The Key Analytics of Social Media Marketing

Marketing and measurement go hand in hand, and social media is no exception. Marketing initiatives live and die on the metrics they track and measuring the right metrics is just as important as ensuring accuracy. Social media can be one of the most complicated to track with impressions, clicks, shares, conversions, ROI, and cross-device attribution. Whether you’re kicking off a content marketing initiative or investing paid social on multiple platforms, there are a few metrics that are must-have in any marketing dashboard.

If You Can’t Track It, It Didn’t Happen

Impressions and Reach

While these metrics seem similar and are often used interchangeably they measure 2 very different things, both of which bring clarity to how posts are reaching your audience.

Reach measures the number of unique viewers who saw your post.

Impressions measures the number of times your posts appeared in someone’s feed.

They seem similar, but 1 user can have your post appear in their feed multiple times. Content that is liked or retweeted, or shared by a users followers can cause your post to reappear in there feeds. Additionally, paid social ads can be shown to the same user multiple times.

If your goal is awareness and brand recognition, reach and impressions are some of your most important metrics.  Even in a brand awareness campaign though, reach and impressions alone don’t tell the full story.  You’ll most likely want to measure reach, impressions, and engagement together in order to gauge the effectiveness of posts.  

Traffic

Social media marketing is all about encouraging an audience to take action, and that action oftentimes starts with a site visit. Measuring the number of visitors to your site from social media gives insight into not only how many people are clicking on links to your site, but gives you access to how they’re behaving once they get there. Bounce rate, time of site, pages visited, and dwell time can all be measured as byproducts of traffic as well. Segmenting your social media traffic by network/source can give more granular visibility into how each network is performing.

A common challenge with tracking social media traffic is “misfiling” of the medium, resulting in social traffic being reflected in Google Analytics as direct or referral. Traffic from Facebook is notorious for this. Many times you’ll see referral traffic from m.facebook.com or lm.facebook.com. It can also show up as direct traffic when the referrer data is dropped. Creating custom channel groupings is a great way to solve this problem in the long run but as an extra precaution, you should use UTM strings in social posts that correctly tag the source and medium, especially for paid ads.

Conversions

Almost every brand has conversion actions on their site. Lead submissions, phone calls, asset downloads, purchases, it can all be tracked. While it’s fairly easy to track organic social conversions withing Google Analytics, if you’re running paid campaigns within Facebook or Instagram, the conversion metrics from Facebook and Google Analytics might not match up. It’s not uncommon to see large discrepancies between reported within social platforms and Google Analytics.

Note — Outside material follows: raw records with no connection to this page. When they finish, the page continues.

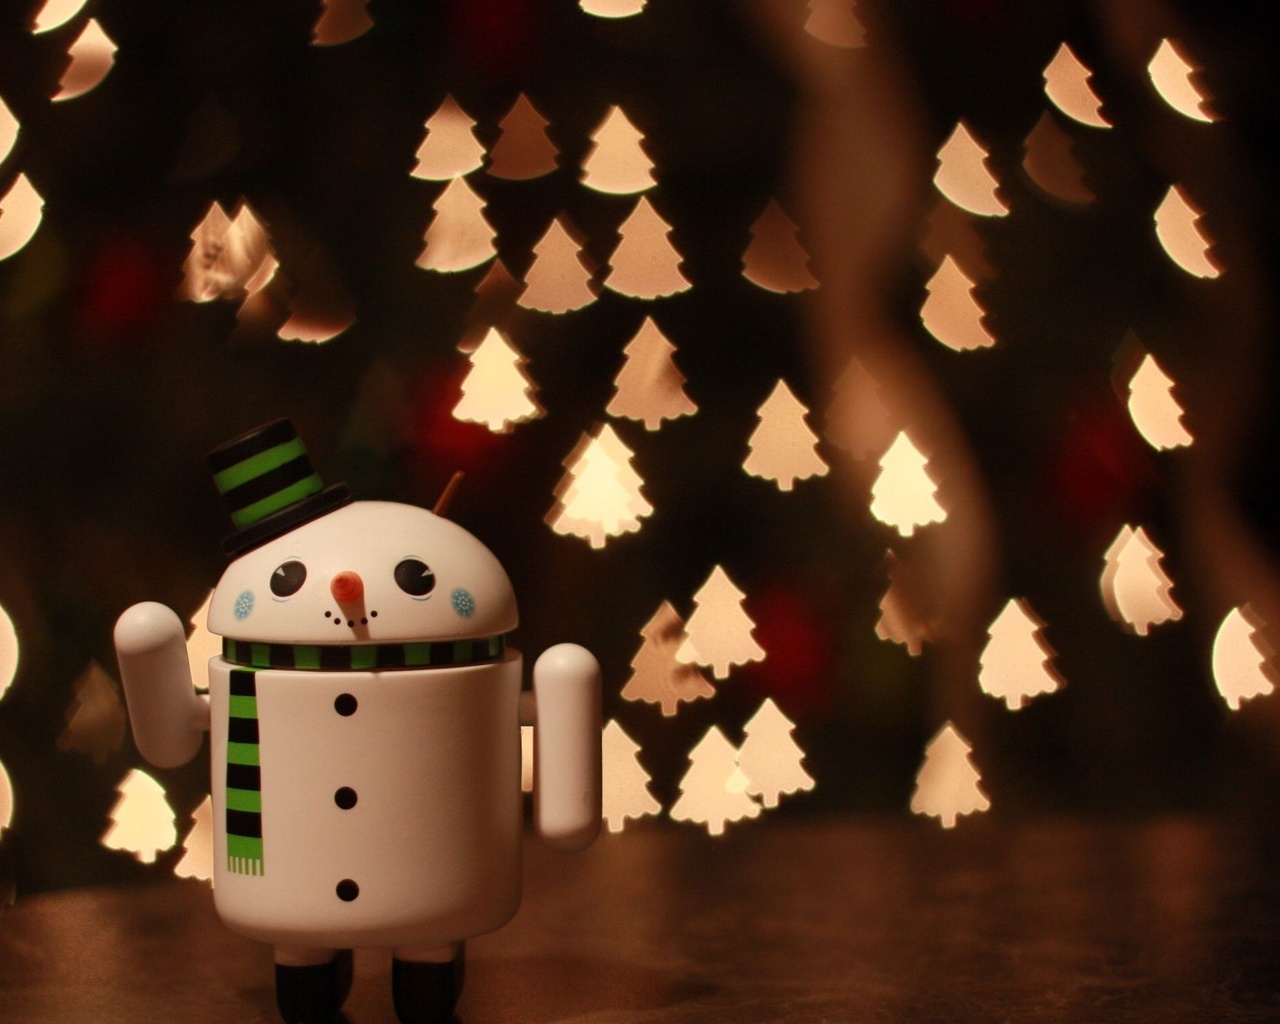 merry christmas, wallpapers, android, snowman
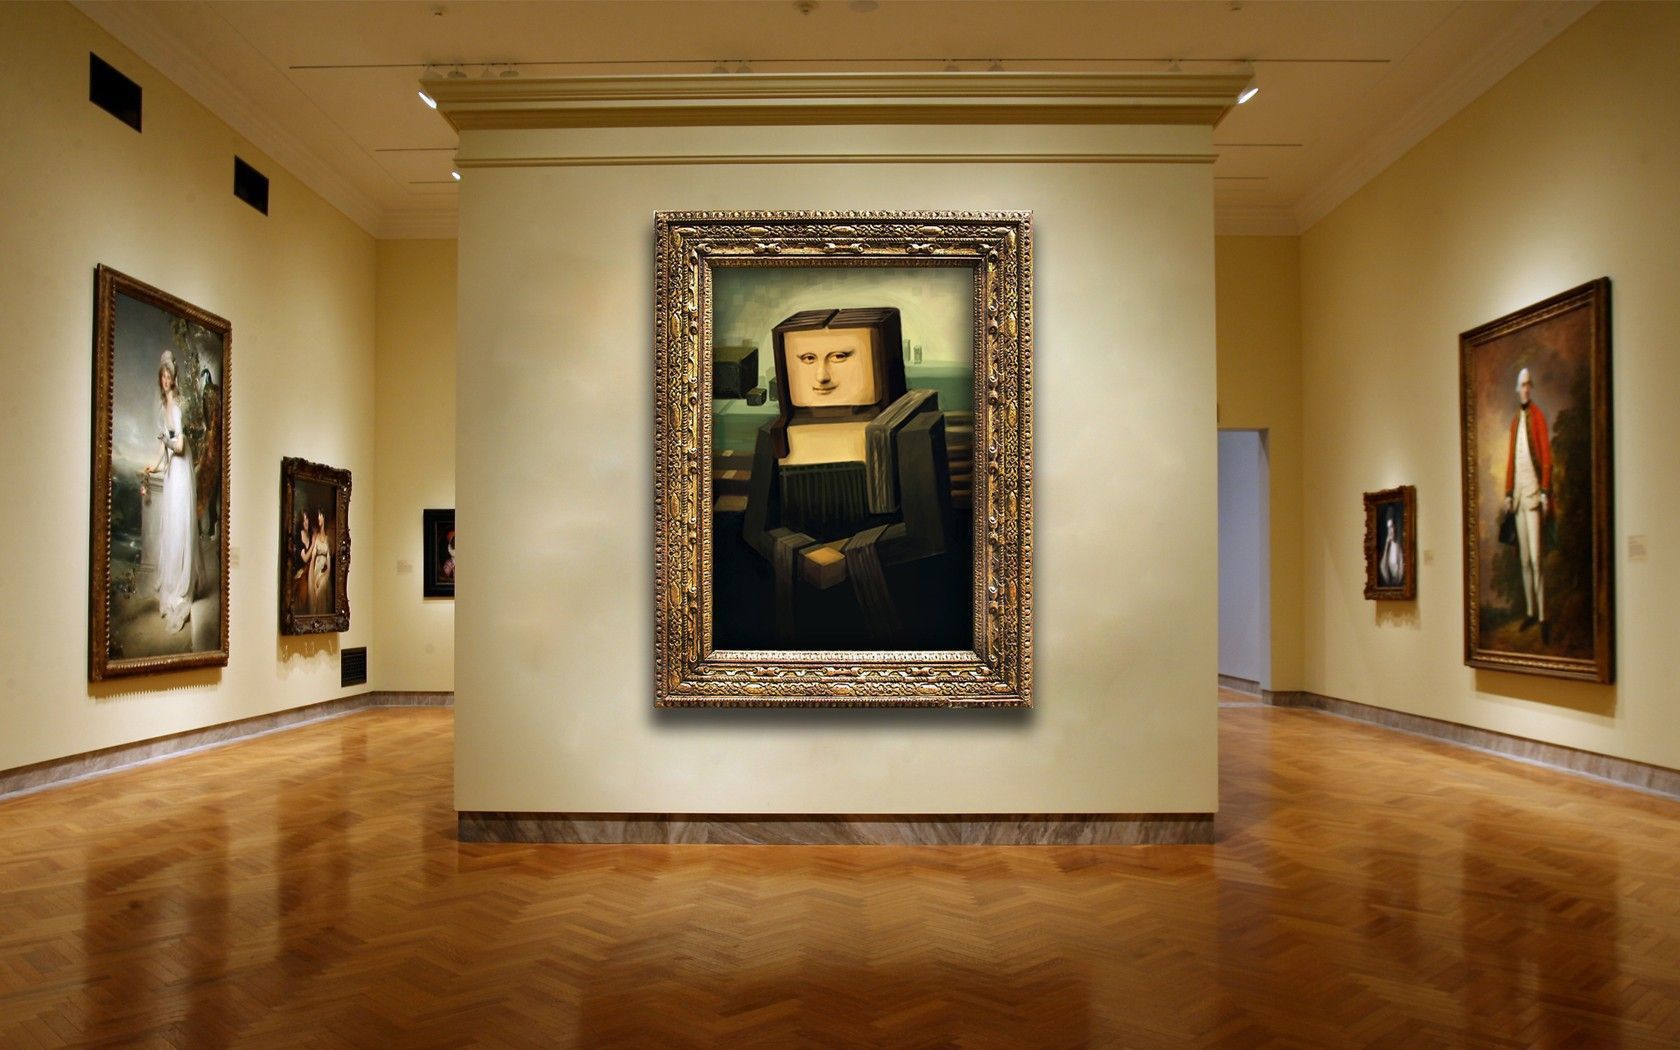 Mona Lisa in the style of Minecraft wallpapers and images ...
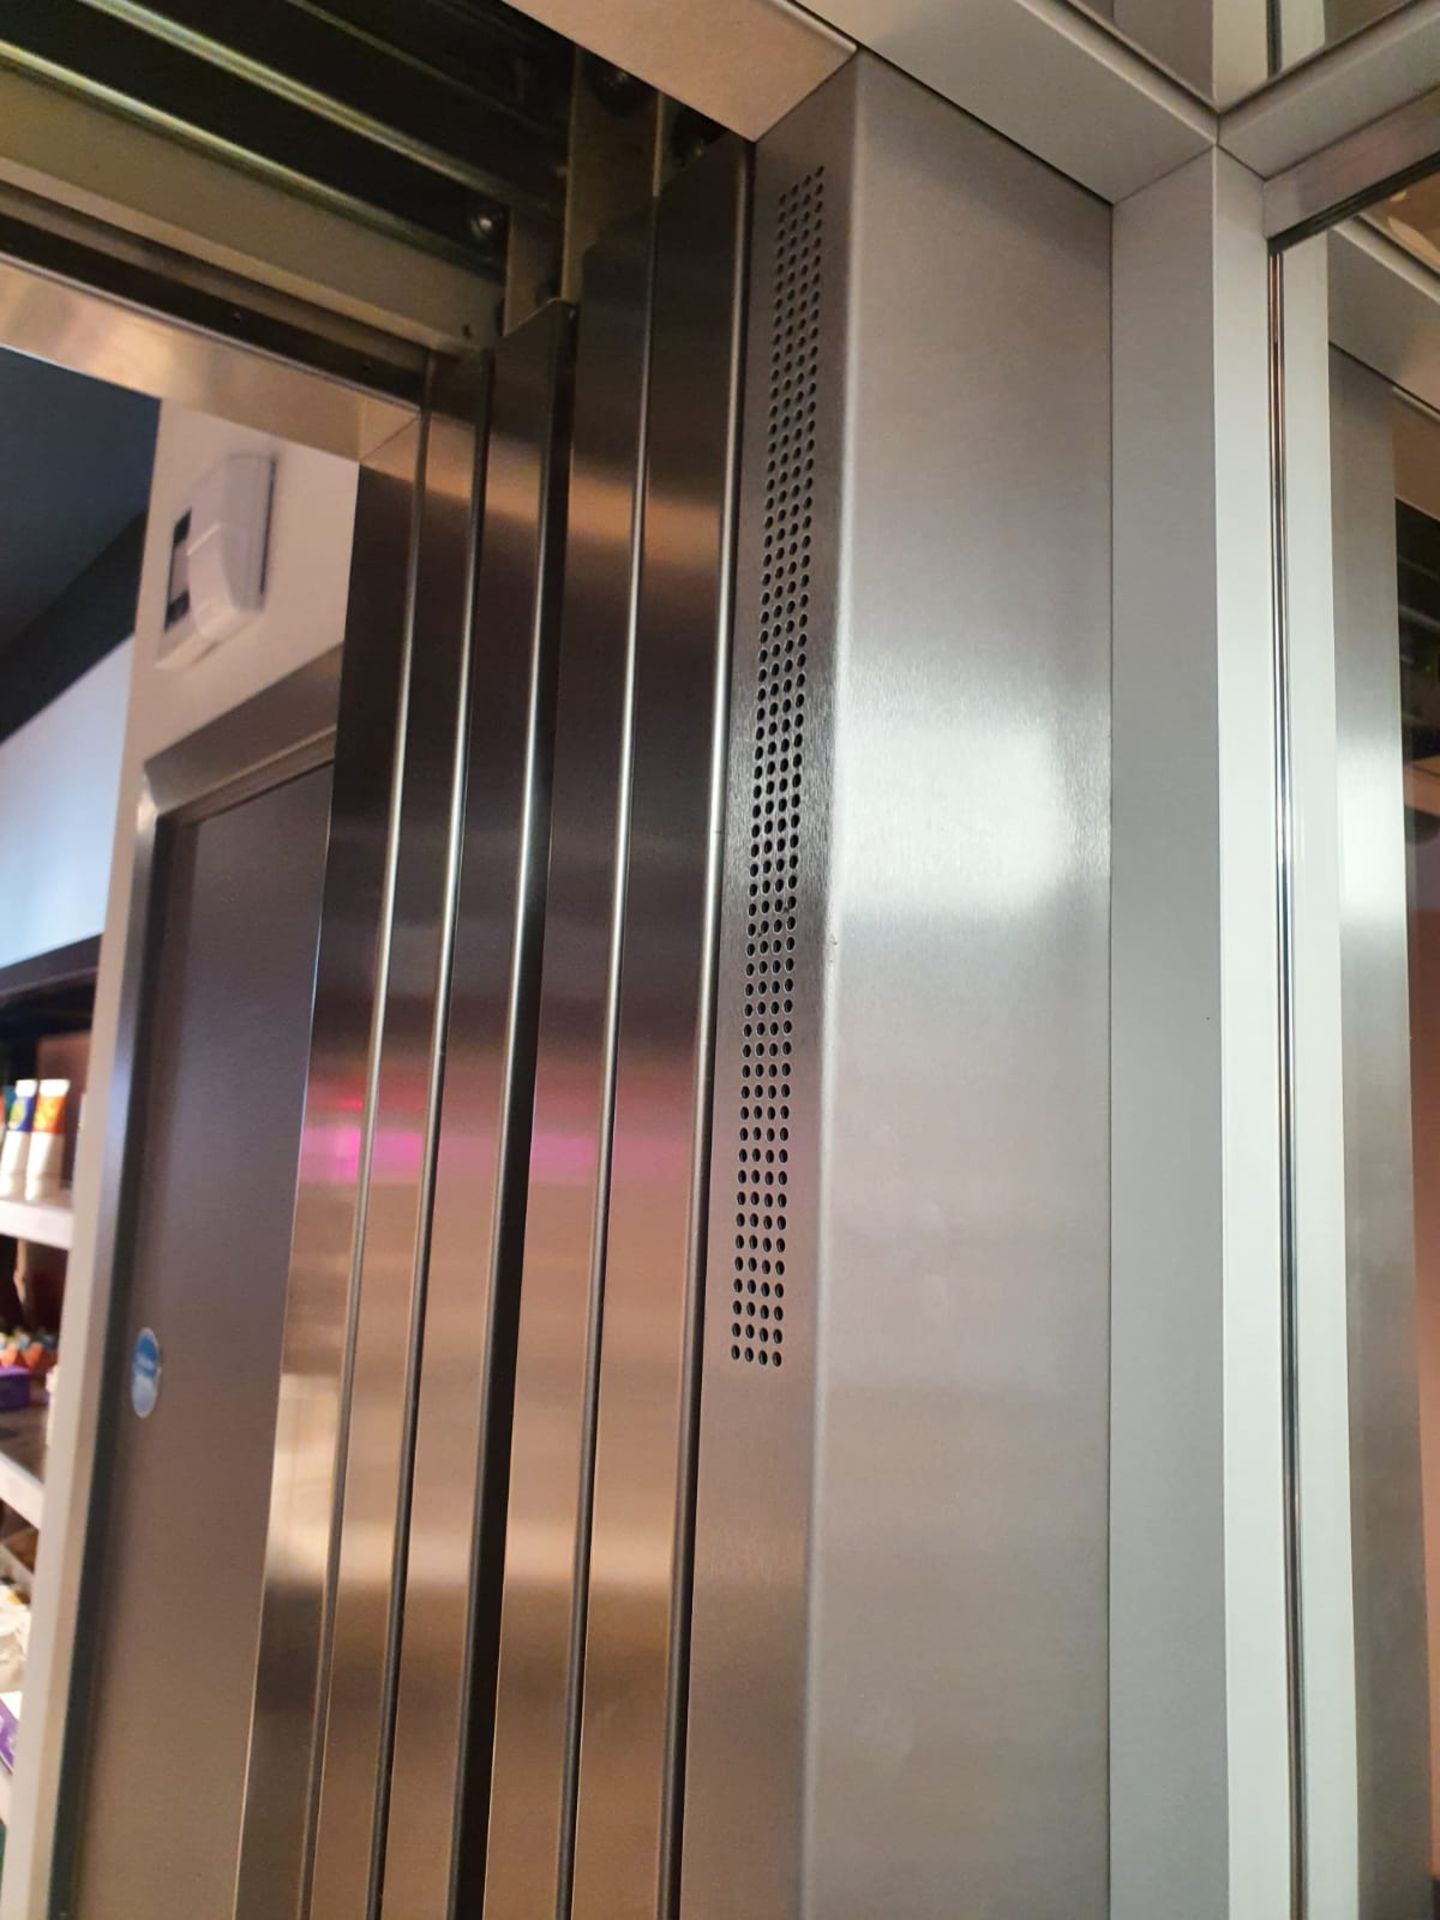 1 x Stannah Elevator Lift - Max Capacity 5 People / 400kg - Internal Dimensions H200 x W110 x D140 - Image 7 of 13
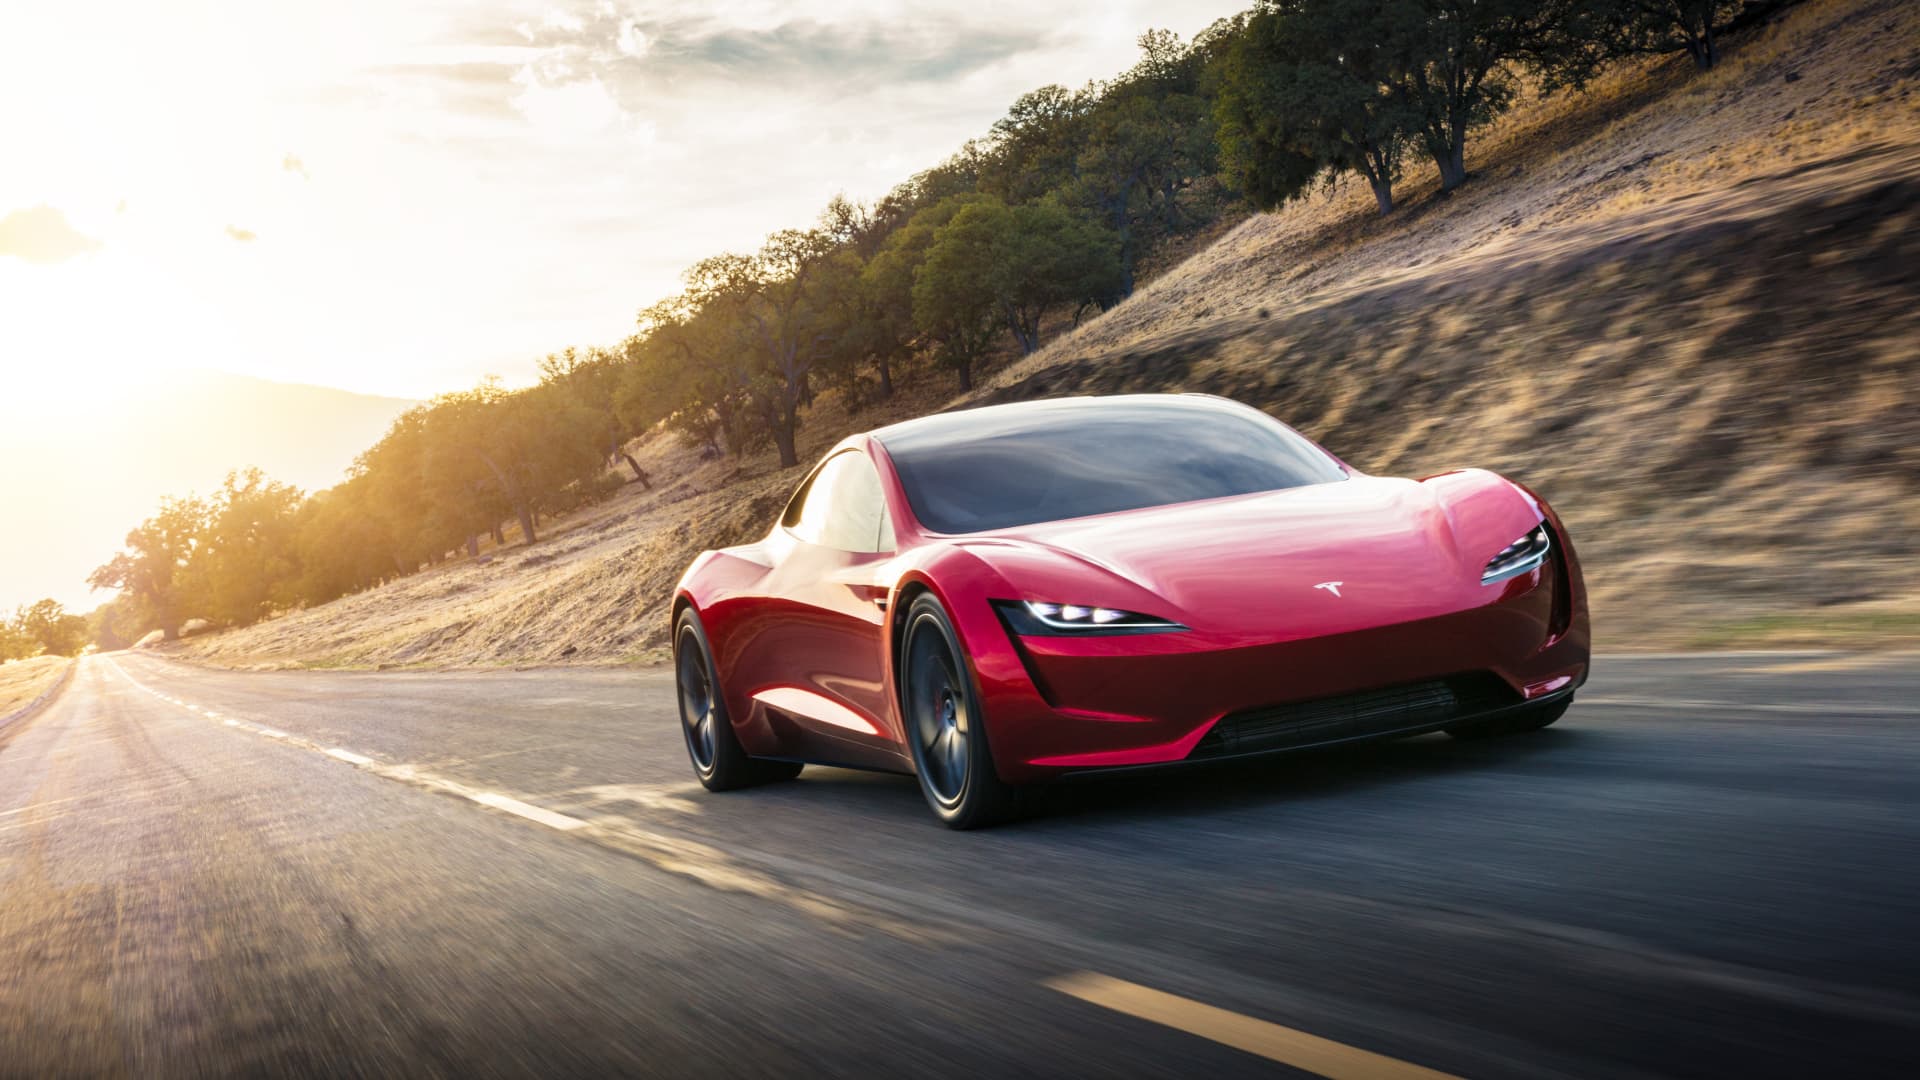 Elon Musk again promises next-generation Roadster, six years after first hyping it

One of the big reasons for this is that Facebook measures non-linear conversions whereas Google Analytics measures last-click attribution. If a user engages with your ad and then returns to your site 2 days later and converts, Facebook will track that as a conversion, Google Analytics will attribute that conversion to whatever channel the user last came in on. Depending on how your brand measures conversions, you’ll need to pick which measurement makes the most sense.

Reporting

Once you know what to track and where to find it, pulling all the metrics together into a single spot is the next step. No one wants to visit 5+ sites to try and get the full picture of what’s happening with social media, but luckily you don’t have to.

There’s a host of paid tools that brands can use to track social media performance ranging from under $100/mo up to $500+ depending on the size and scope of social campaigns. While that might be the right fit for some brands you can save some marketing dollars by creating your own comprehensive reporting for free (or nearly).

Google Analytics can’t pull in reach, impression, or engagement metrics, but it can get just about anything else. Within Google Analytics you can create customized reports and dashboards that will display any metric the platform tracks. This is a great place for quick snapshots of traffic, conversions, and campaign performance. If you’re wanting a more comprehensive view of your social program, Google Data Studio allows for a world of customization. There are no direct free connectors to pull metrics from Twitter, LinkedIn, Facebook, or Instagram, but you can export your data as a CSV from all the platforms and use that as a data source to pull into Data Studio. If there’s some budget for it, tools like Super Metrics will connect directly to your social channels and can pull social metrics directly into Google Sheets to use as a data source.